Como roteirista, Aster abriu a clicheria e encadeou sequências de fácil estruturação dramática. Assim, a forma passa a emoldurar as ações dos personagens e estes deixam de agir racionalmente, tal seres vivos e racionais, agindo sob grande tensão. E então o filme ganha outro conteúdo e formato, ao mesclar ação, terror e subterfúgios. O que passa a existir não é mais a reflexão, os conflitos Annie/Ellen ou Peter/Annie, ela agora age como detetive tentando ligar os fatos e entender a influência de Joan em sua vida. E os conflitos psicológicos acabam perdendo o sentido.

Narrativa termina com menção ao primitivismo

Os entrechos ainda a existir são usados para justificar a mudança do tema central. Mesmo a tensa e bem construída sequência na estrada em plena madrugada, quando Peter tenta socorrer Charlie, acaba como ato da Chama. A única referência ao Espiritismo se dá nas duas vezes em que Joan consegue se comunicar com Ellen e Annie com Charlie. Ainda assim, para desencadear e dar sentido ao desfecho. E se restringe a isto, sem menções à manifestação que une ciência, filosofia e religião, criada em 1857 pelo pedagogo francês Alan Kardec (Hippolyte Leon Denizard Rivail – 1804/1869) e praticada por 3,8 milhões no Brasil (IBGE 2010).

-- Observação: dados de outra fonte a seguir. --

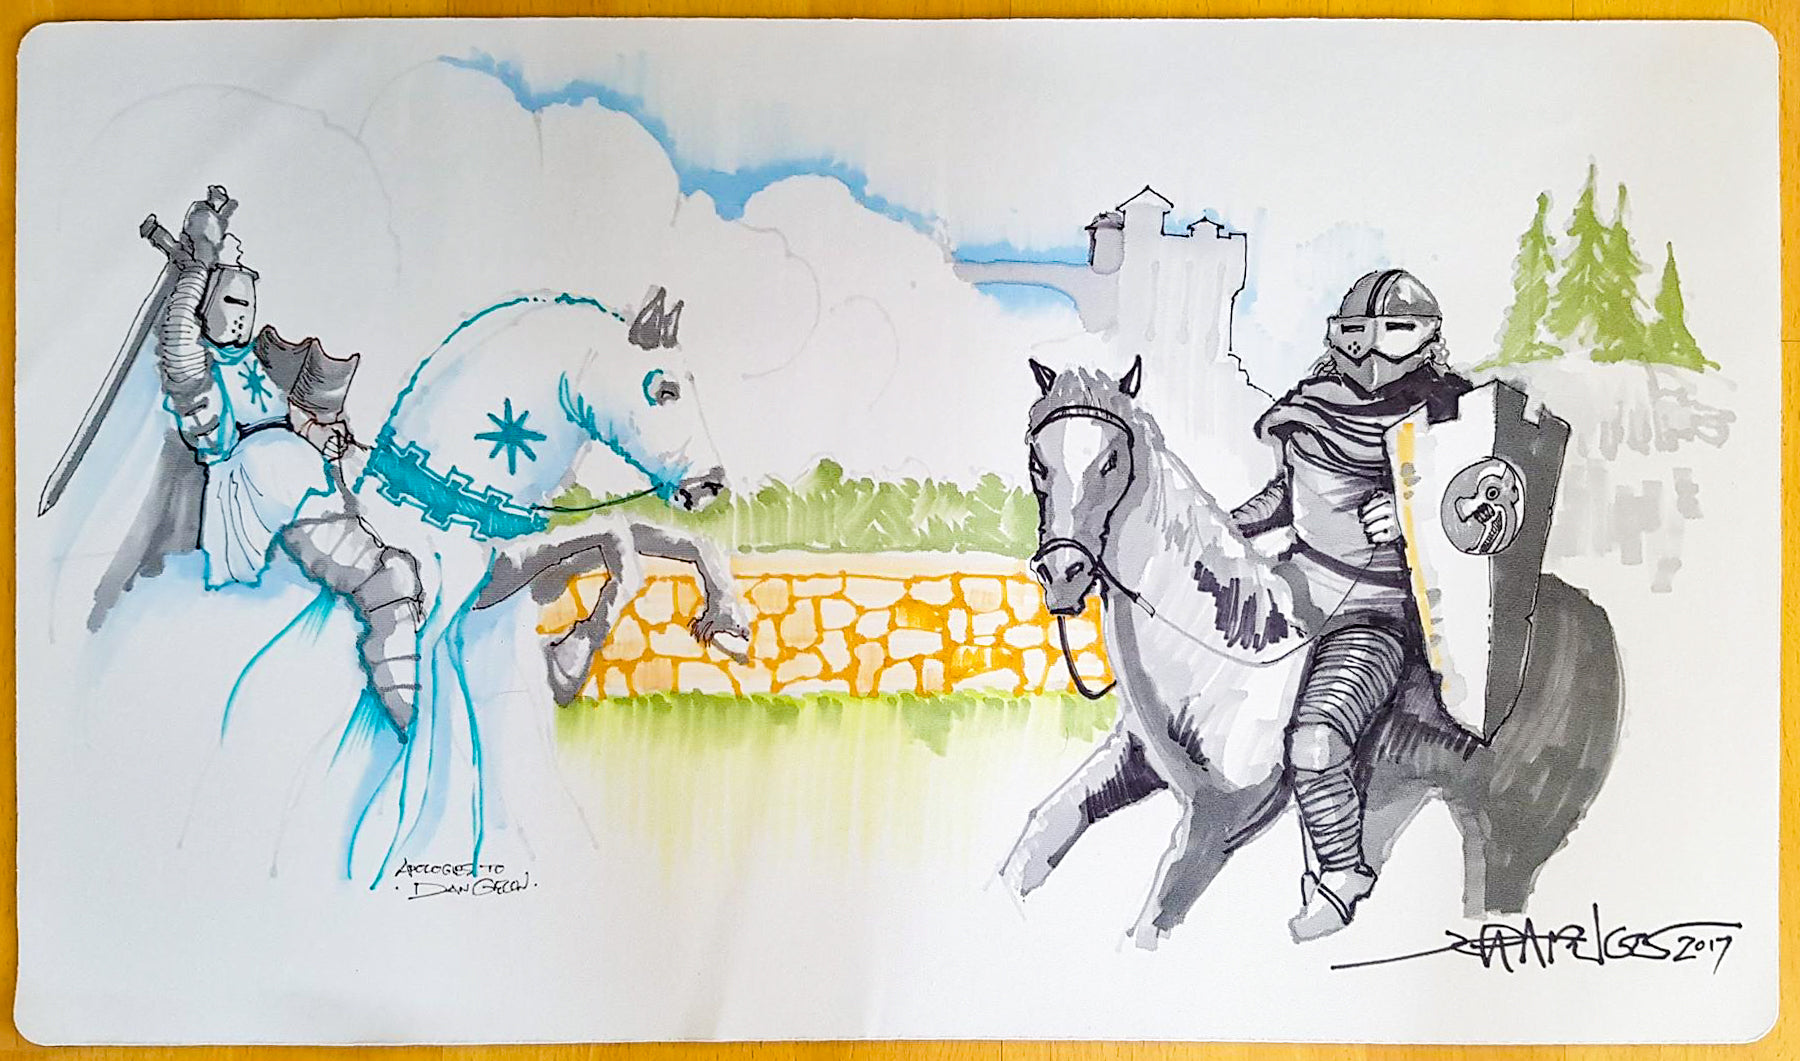 White Knight & Black Knight [Version 2] - Jeff A. Menges - Hand Drawn - Signed by the Artist - MTG Playmat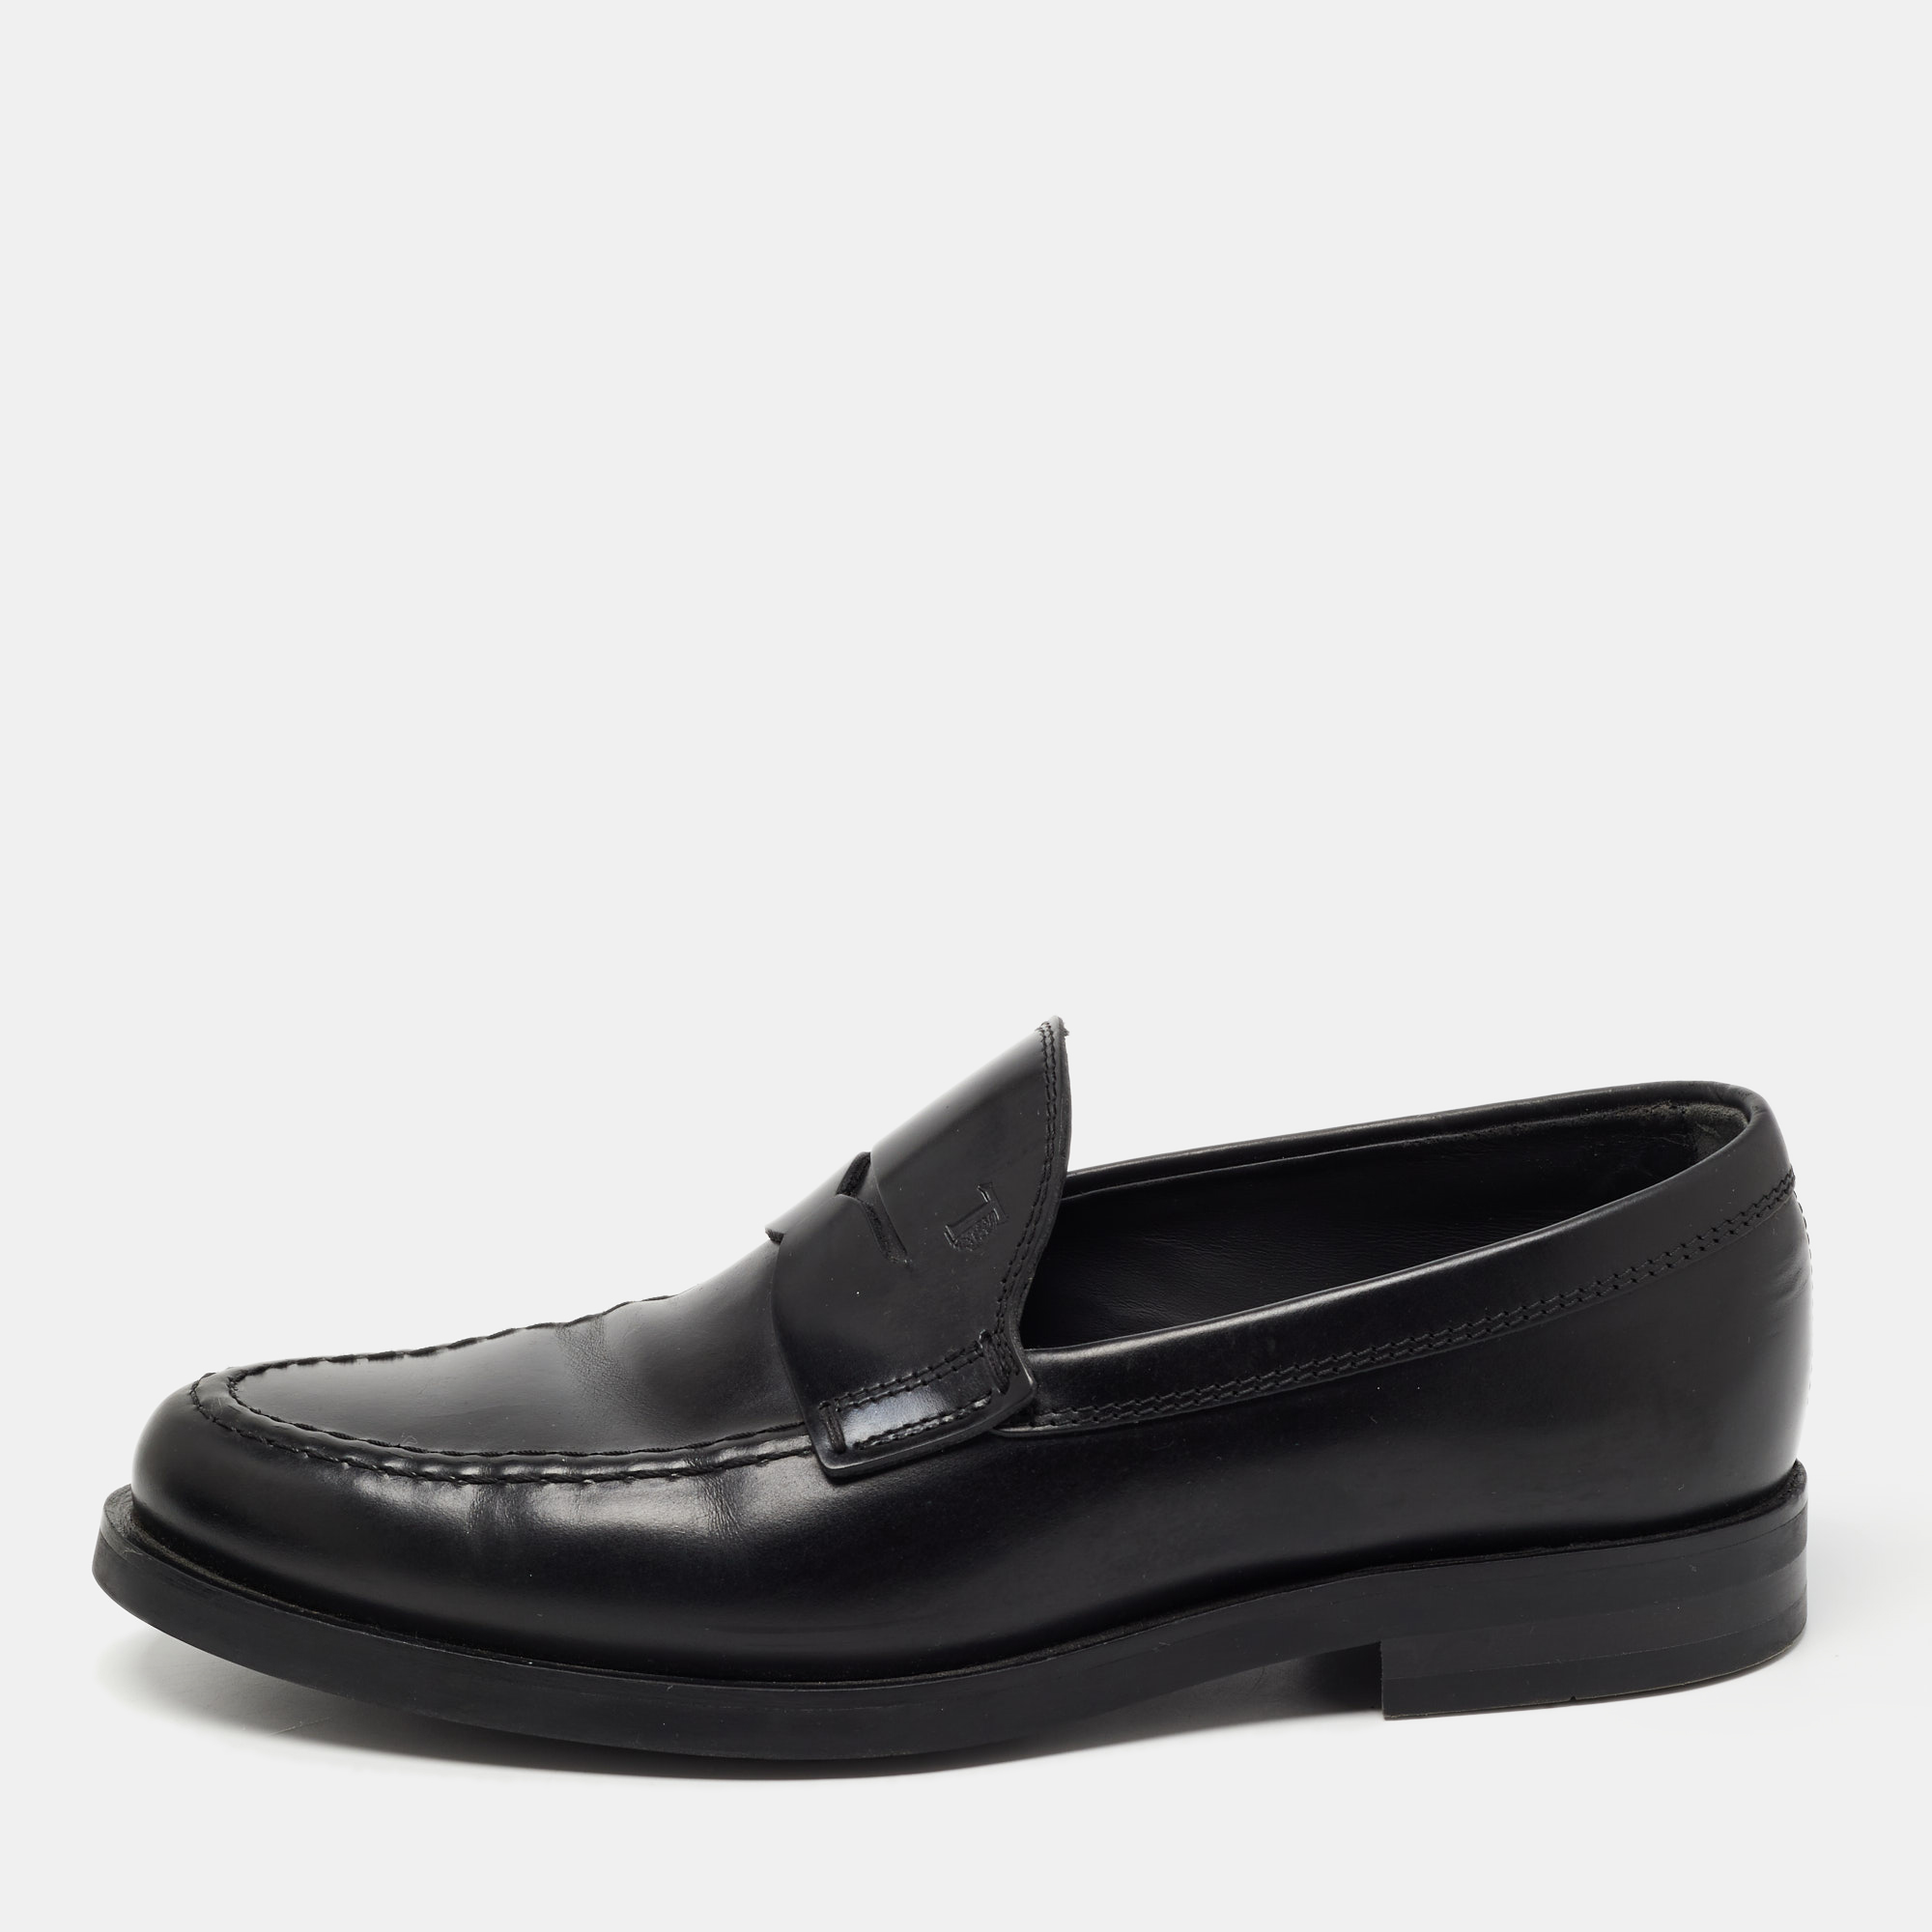 Pre-owned Tod's Tods Black Leather Gommino Driving Slip On Loafer Size 40

Deste modo o inesperado desfecho, recurso usado por Aster para justificar a mudança dramático-narrativa, se refere mais aos primitivos sacrifícios utilizados pelas manifestações religiosas da antiguidade. O que tira todo o significado da Chama e, inclusive, dos submersos rancores e traumas. E, portanto, da boa estruturação do terror psicológico. O cineasta estadunidense Scott Derrickson (1977) dá um bom exemplo em “O Exorcismo de Emily Rose (2005) sobre como construir uma narrativa realista em torno da possessão sem cair em recursos fáceis. Aster deveria assisti-lo.

Hereditário (Hereditary). Drama. Terror. EUA.2018. 126 minutos. Trilha sonora: Collin Steltson. Montagem: Jennifer Lame/ Lucian Johnston. Fotografia: Pawel Pogorzelski. Roteiro/direção: Ari Aster. Elenco: Gabriel Byrne, Toni Collette, Alex Wolff, Ann Dowd, Milly Shapiro.